_Given material_.
* * * * *

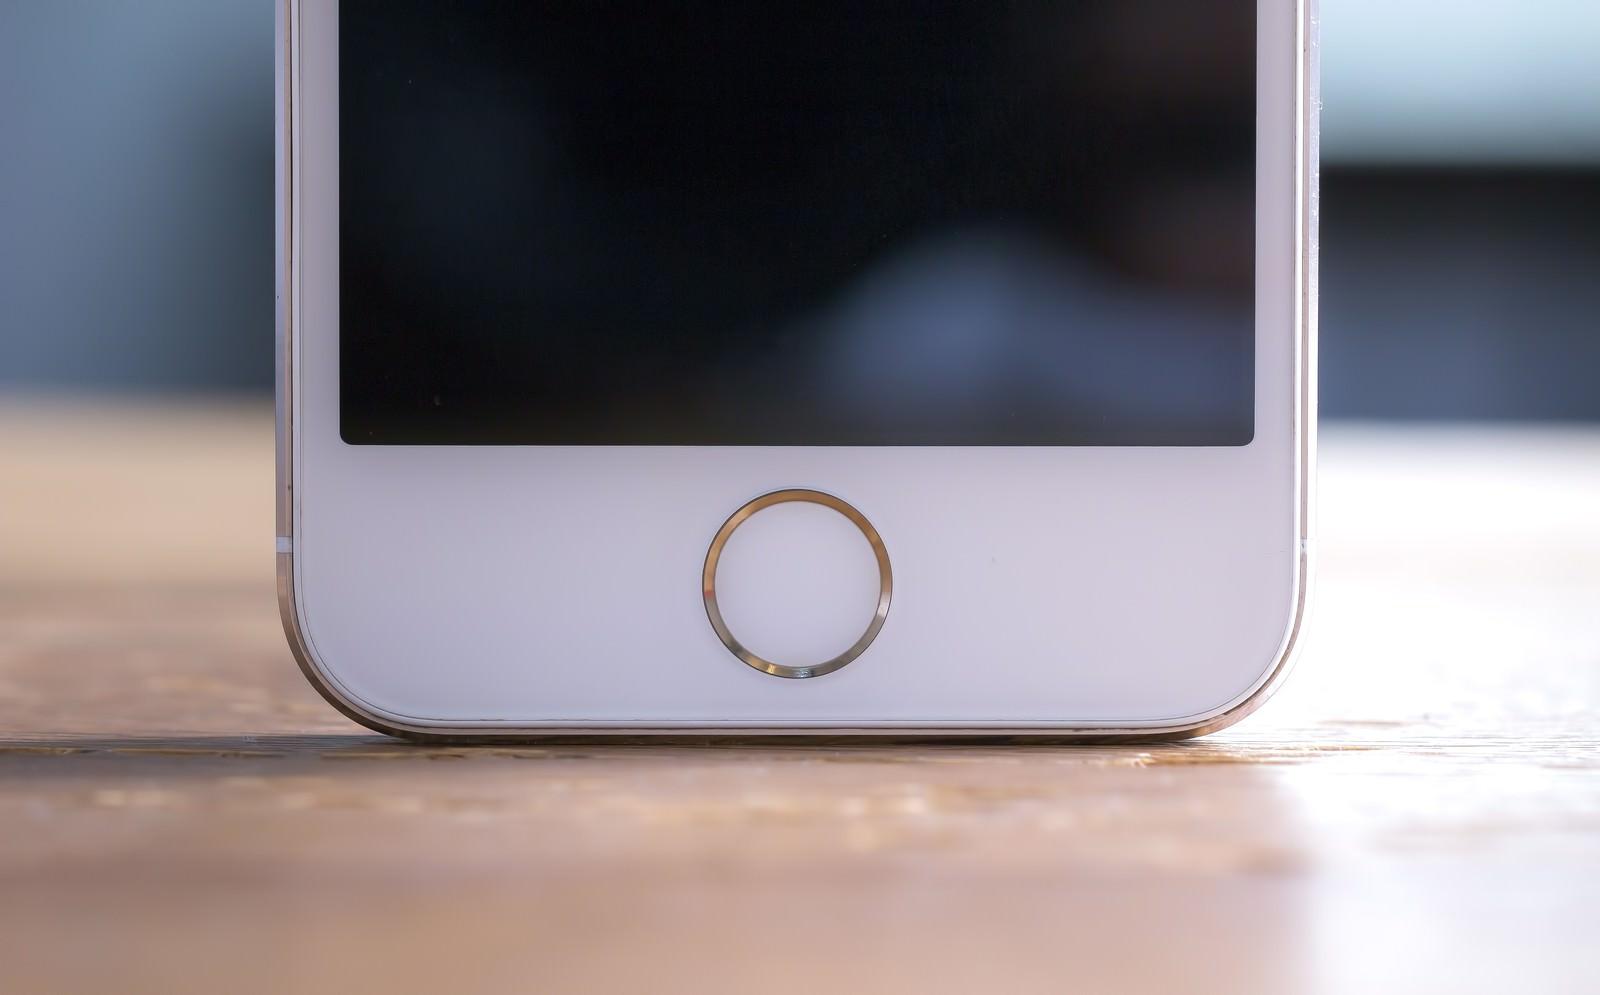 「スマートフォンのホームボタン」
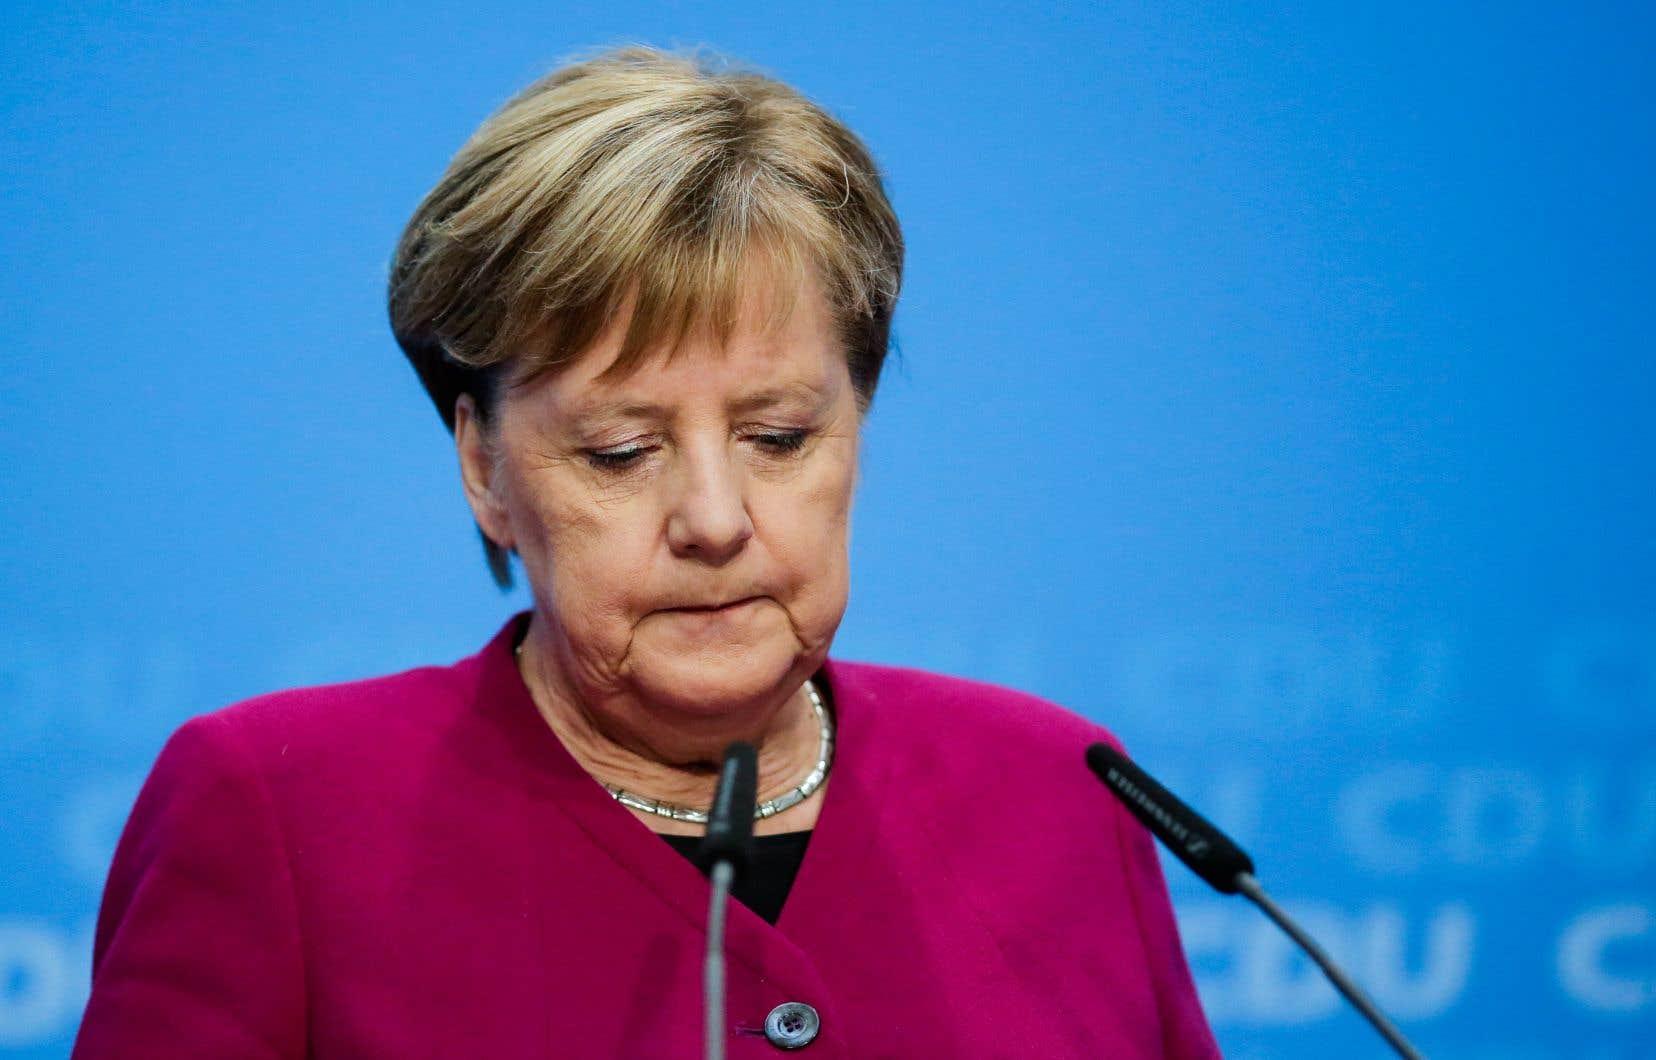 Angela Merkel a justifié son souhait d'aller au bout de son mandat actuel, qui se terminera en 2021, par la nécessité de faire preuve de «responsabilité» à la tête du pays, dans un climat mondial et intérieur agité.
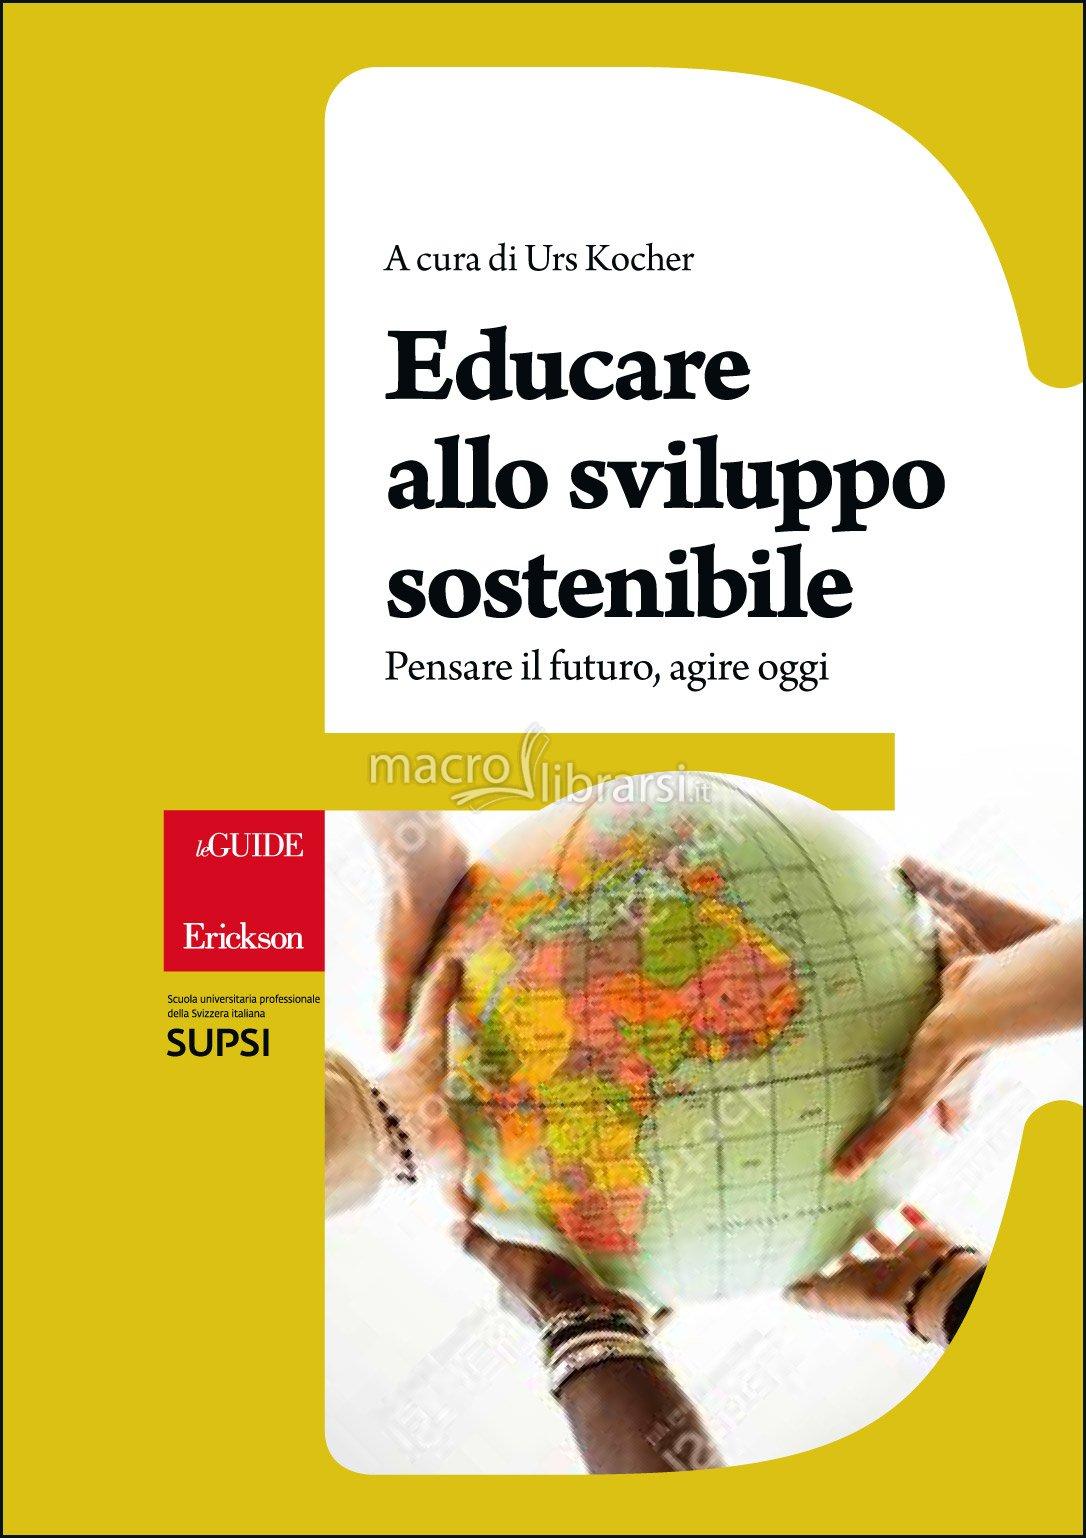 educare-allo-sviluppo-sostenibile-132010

* * * * *

_What the task requires_. For this exercise, transcribe exactly only the lines from the one containing "Angela Merkel a" through the end of the listing, inclusive, without the pictures.

_Response box_.
 Angela Merkel a justifié son souhait d'aller au bout de son mandat actuel, qui se terminera en 2021, par la nécessité de faire preuve de «responsabilité» à la tête du pays, dans un climat mondial et intérieur agité.
 educare-allo-sviluppo-sostenibile-132010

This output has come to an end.